This is all potentially very confusing. Here’s what you need to know about these spam emails and what you can do about them:

Why am I getting these text messages?

Robokiller, a company that makes a mobile app to block spam calls and texts, said it tracked more than 5,000 incidents of spam text messages with the same number over the past week, as of Thursday.

According to Robokiller, typical versions of spam texts include messages that say, “Free msg: Your bill is paid for March,” along with a dodgy link that claims to offer a free gift. In other cases, the spam message includes a link that claims to take the recipient to a Verizon survey, according to CNET.

A writer from The Verge noted that clicking the link in a particular post took the writer to the website of Channel One Russia, a Russian government-run television network. “We have no indication of any Russian involvement” in the spam, Young said.

An AT&T spokesperson told CNBC Make It, “We are monitoring this situation closely and have not seen anything similar on our network.” A T-Mobile spokesperson did not immediately respond to CNBC Make It’s request for comment.

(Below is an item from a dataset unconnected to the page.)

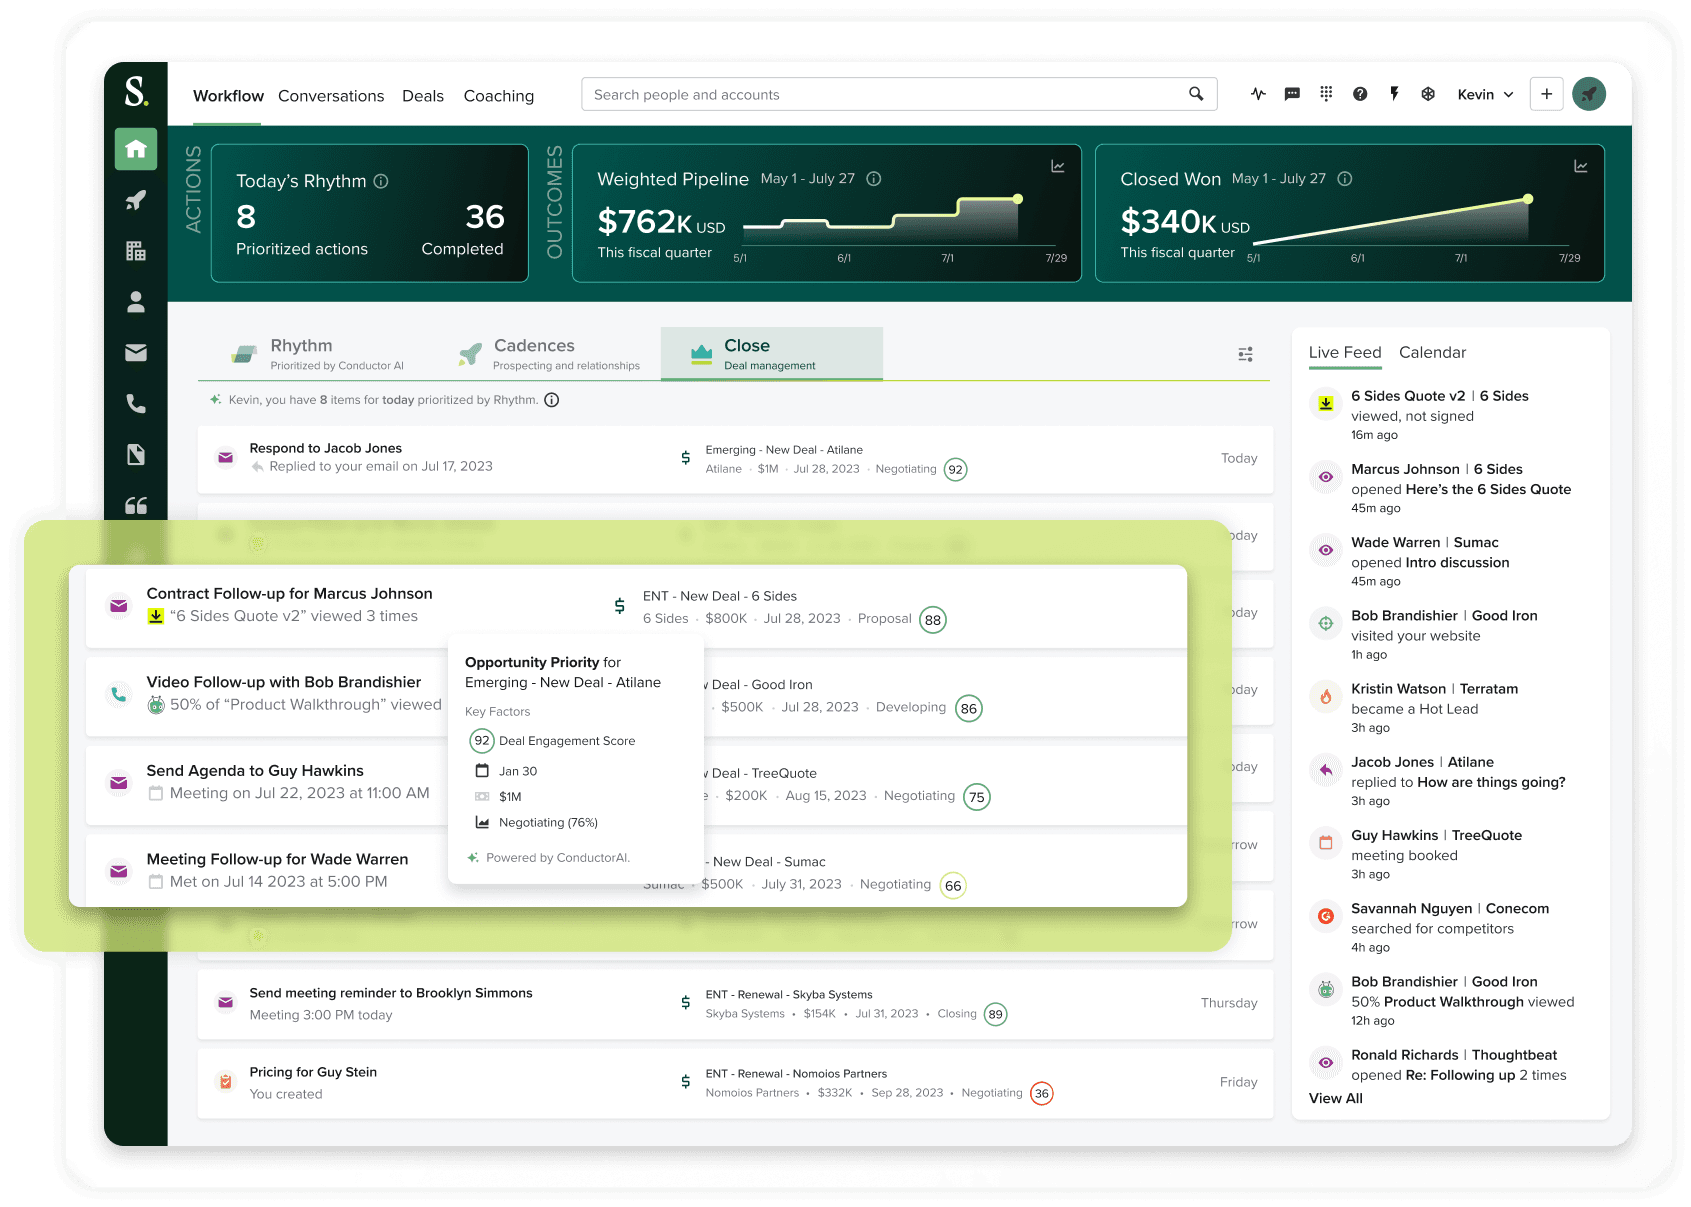 Screenshot of deals section of the Salesloft platform

What about other types of spam?

What can I do about this?

Security experts suggest that you should always be wary of phone calls or text messages from unidentified or unknown numbers.

The FCC adds that you should “never share your personal or financial information via email, text, or phone.” The agency also advises against clicking on links or attachments you receive in a text message, and calling your friend who is texting you a link before clicking, to make sure they haven’t been hacked.

Verizon offers similar guidance for dealing with potential phishing attacks involving suspicious text. The company says you shouldn’t respond to suspicious messages at all. Instead, Verizon advises customers to forward spam texts, especially those claiming to be from Verizon, to SPAM (7726).

You can also report potential spam text messages and emails to government agencies and law enforcement, including by completing the Federal Trade Commission’s Online Fraud Complaint Form and the Crime Complaint Center on the Internet from the Federal Bureau of Investigation.

If you click on a malicious link, experts say your best bet is to avoid entering any information and disconnecting your device from the internet as soon as possible. Then go to your device settings, find the apps you don’t remember downloading and delete them.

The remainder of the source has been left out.